Top of DATASET EXCERPT

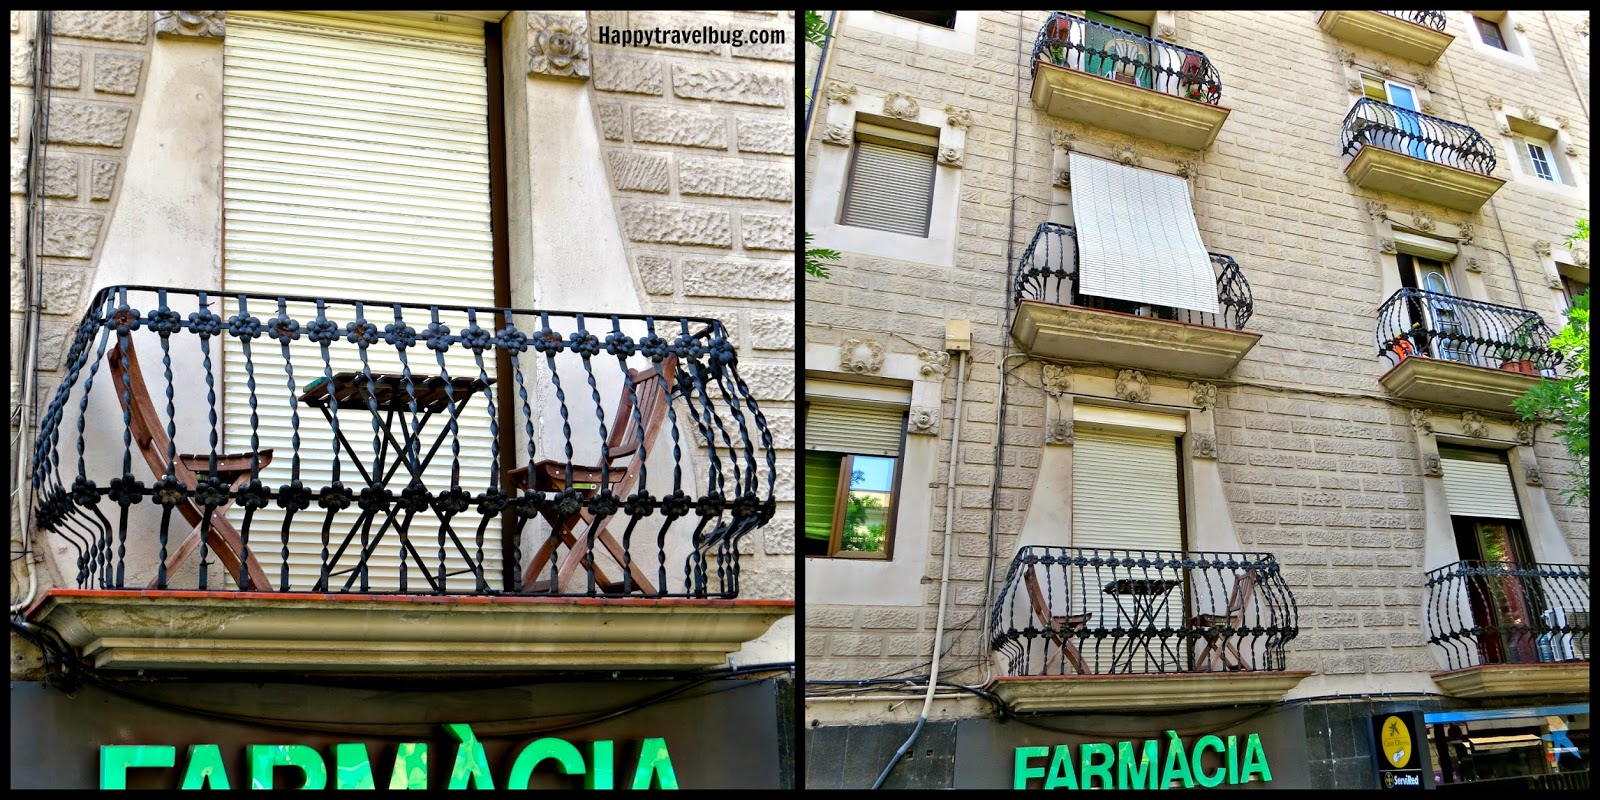 Barcelona, Spain balcony
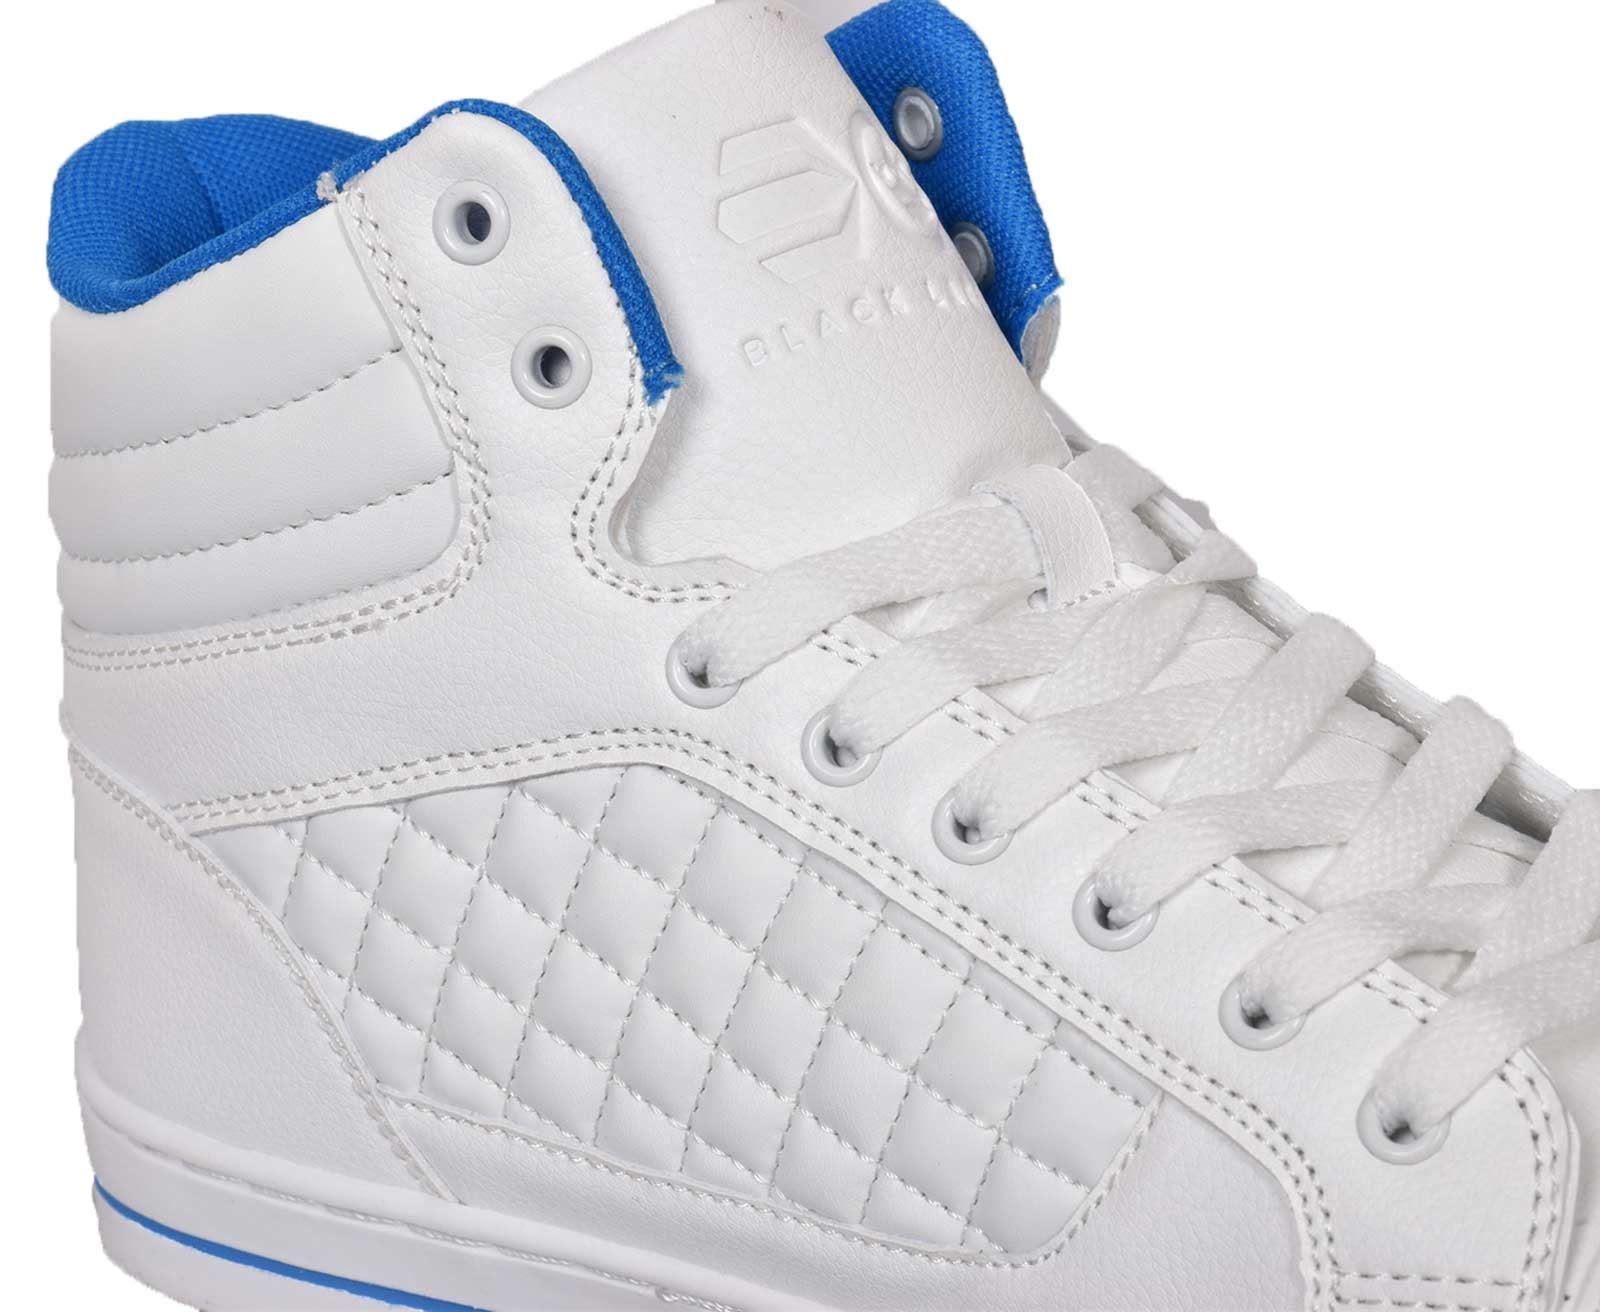 Schuhe Schaks
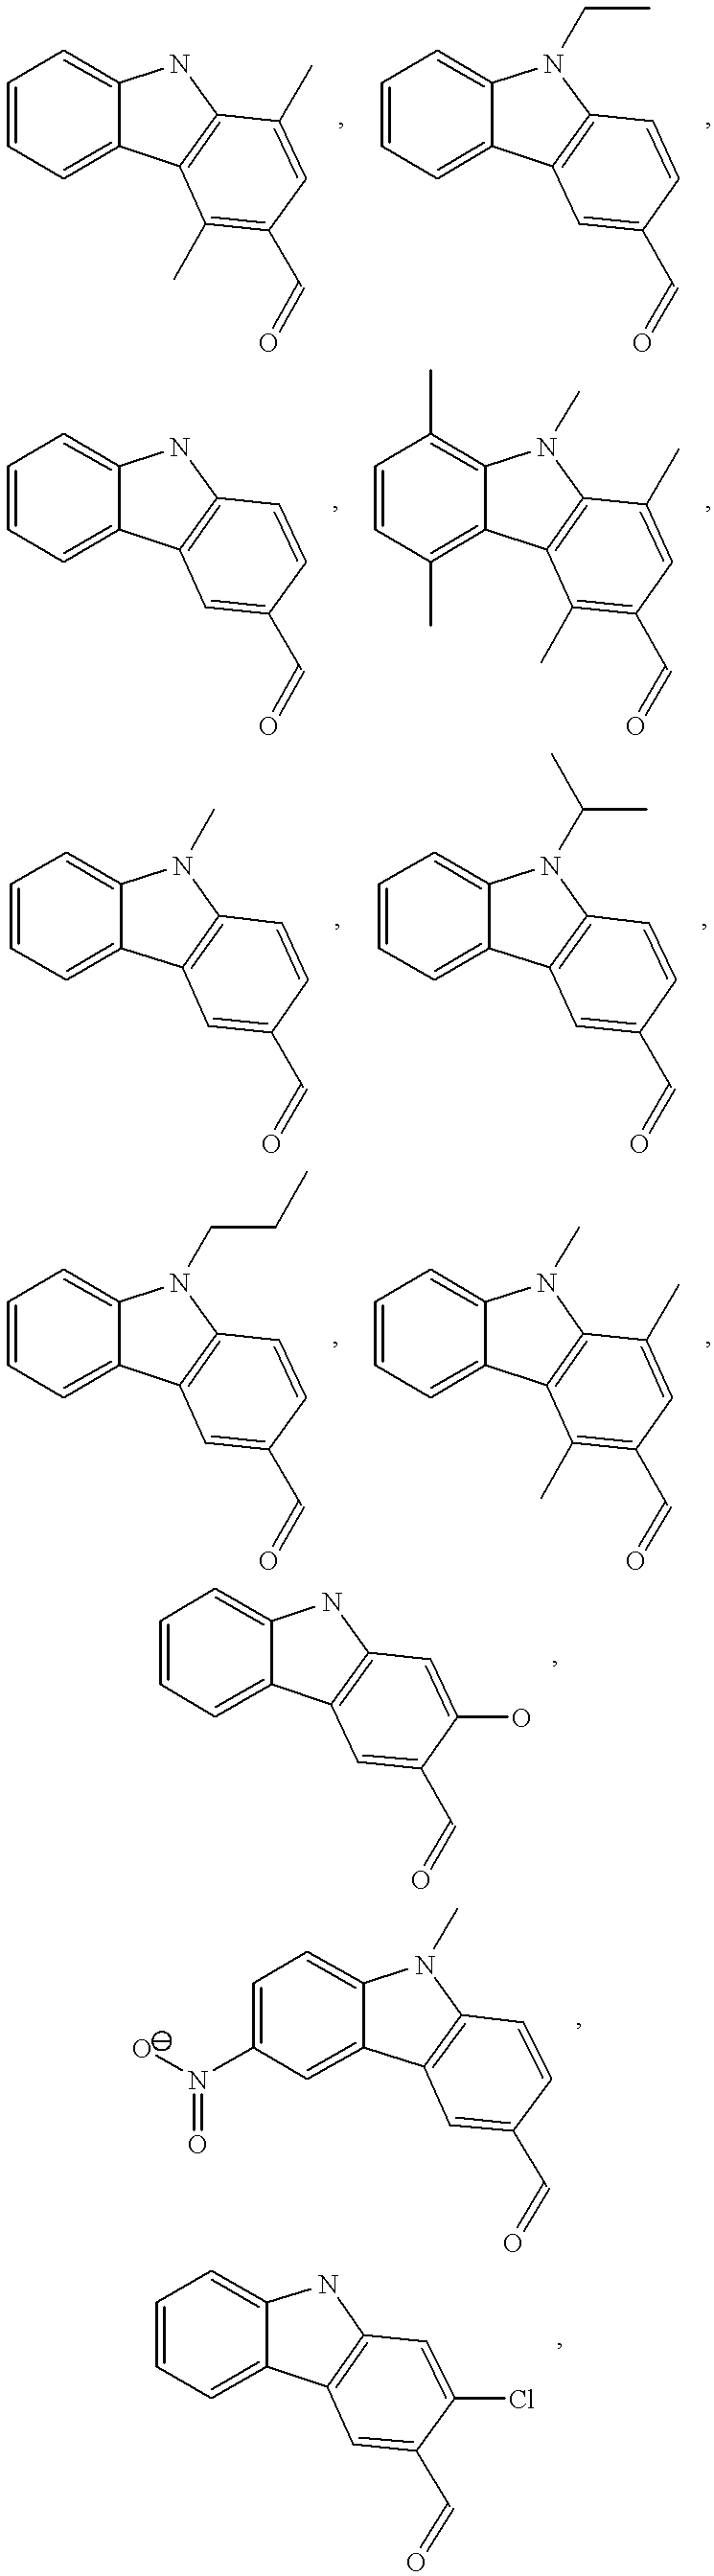 Figure US06514981-20030204-C00059

Bottom of DATASET EXCERPT

WORK TO COMPLETE:
Nothing but the pictures should be left out when the material above is copied.

ANSWER TO THIS TASK:
 Barcelona, Spain balcony
 Schuhe Schaks
 Figure US06514981-20030204-C00059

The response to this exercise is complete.